Though the story comes off as a rather light tale for something revolving around drug trade (and the very serious impact on the women arrested), it masks the tragic realities behind the drug trade. All three women said they’d turned to smuggling due to “financial hardship,” and now face probable prison sentences. Of course, the fact that they were traveling to a popular island resort is a reminder that the demand among the wealthy for drugs contributes to the drug trade even while it ensnares those who face financial hardship. And though these three women were caught, it probably has barely put a dint in the availability of drugs on the island itself, so that the tourists will be able to turn to recreational drug use while these women go to jail. Behind the seemingly-mildly amusing story is yet another tragic reminder on the ways in which the drug trade both reflects and reinforces broader socioeconomic inequalities in Latin America.
-Still dealing with the loss to Chile of its only route to the Pacific 140 years ago, Bolivia is set to take its case to the International Court of Justice, a move that Chilean President Sebastián Piñera has said would open a “Pandora’s Box” of territorial issues in the Americas (including the territory the US took from Mexico in the wake of the Mexican-American War).
-US President Barack Obama is set this week to make his first trip to Latin America since winning re-election last November, with stops in Mexico and Costa Rica planned. Prior to the trip, he met with Latino leaders in the US, with whom he discussed socioeconomic issues.
-Peruvian President Ollanata Humala may be preparing to pardon former president Alberto Fujimori, who is serving jail time after his conviction for human rights violations that Fujimori oversaw during his 1990-2000 presidency.
-Evo Morales is set to run for a third term as president after Bolivia’s constitutional court ruled in favor of presidents serving three consecutive terms.
-Chilean Laurence Golborne, seen as the frontrunner among conservative candidates to challenge former president Michelle Bachelet in next year’s election, has removed himself from the race amidst allegations of shady business practices.
-Cuban gay rights activist Mariela Castro will travel to the US to receive an award in Philadelphia next week. Castro had initially been denied a visa to the US, due primarily to the fact that she is the daughter of Raul Castro.
-Colombia is set to resume peace talks with the FARC after a month-long break in the peace process.
-The Catholic Church has excommunicated Brazilian priest Roberto Francisco Daniel (known colloquially as Padre Beto) for his defense of open marriages and his defense of same-sex love. More than a symbolic move, the excommunication marks a split between official church hierarchy and a growing strain of moderate and even progressive Catholicism among some parishioners in Brazil.

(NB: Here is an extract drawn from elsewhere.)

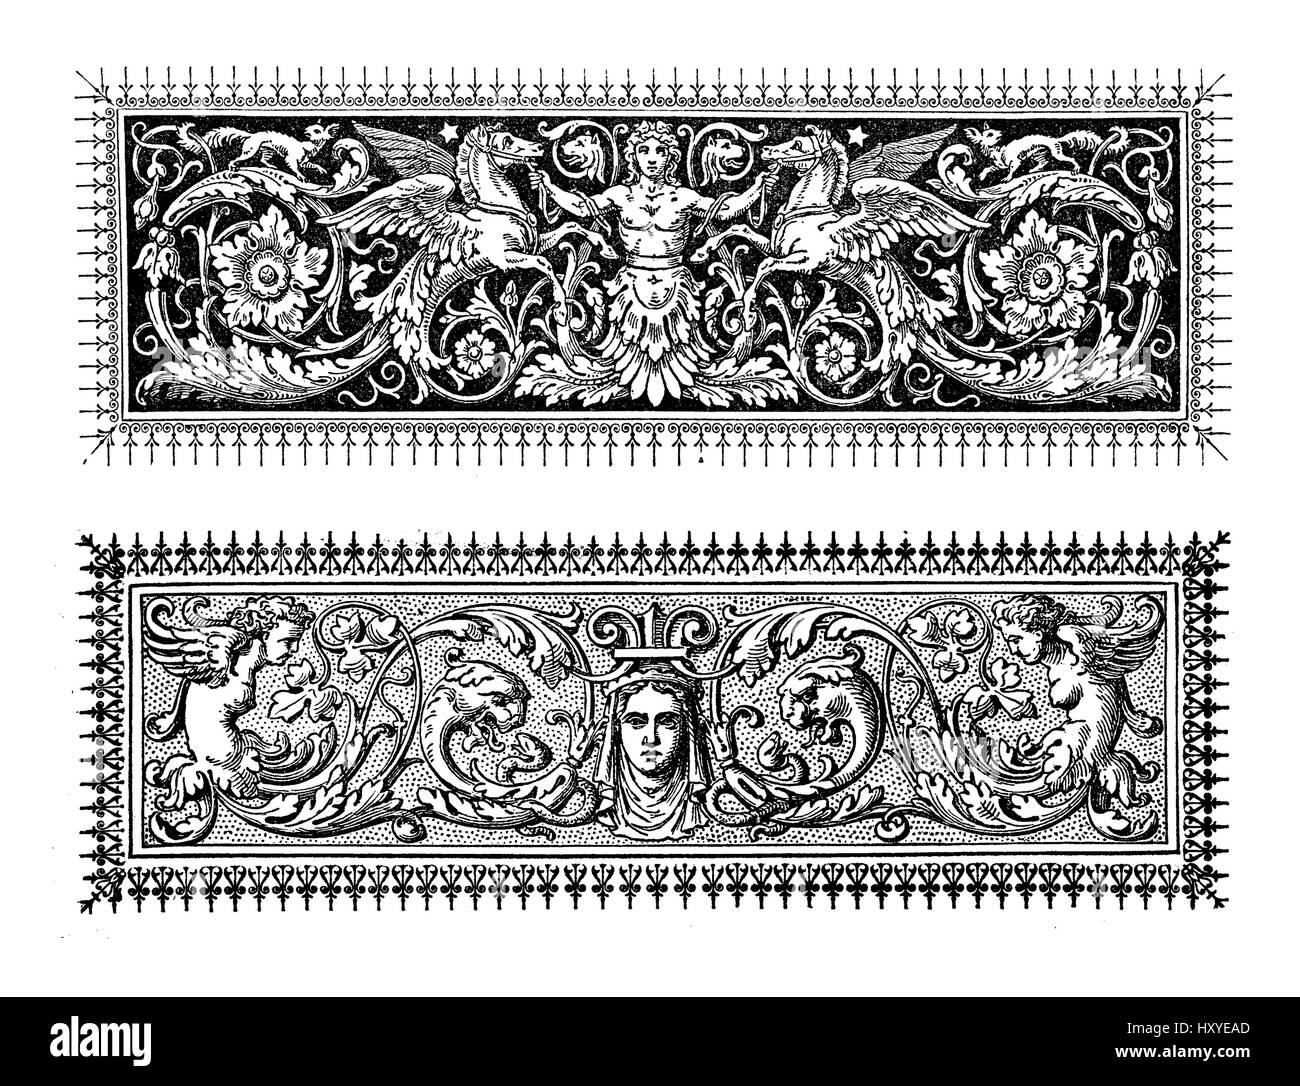 Two richly decorated baroque typographic borders with mythological figures and floreal motives Stock Photo

-A new scientific study suggests that Latin America is facing a “cancer epidemic” due to challenges in diagnosing and treating cancer, as well as to increasingly unhealthy diets, higher levels of tobacco-smoking and alcohol consumption, and an increasingly inactive lifestyle.
-In what is an important step in addressing impunity (albeit a significant issue in its own right), sixty officers in Rio de Janeiro have been arrested on charges of corruption, even while another five officers were arrested for the murders of a journalist and a photographer who were working on a story on militias in Brazil’s interior state of Minas Gerais.
-The next president of the World Trade Organization will be from Latin America, as the remaining to candidates for the position are Mexico’s Herminio Blanco and Brazil’s Roberto Azevedo.
-Finally, when I studied in Costa Rica about a decade ago, the “best” beer one could find was Heineken, so this is excellent news for Costa Rica.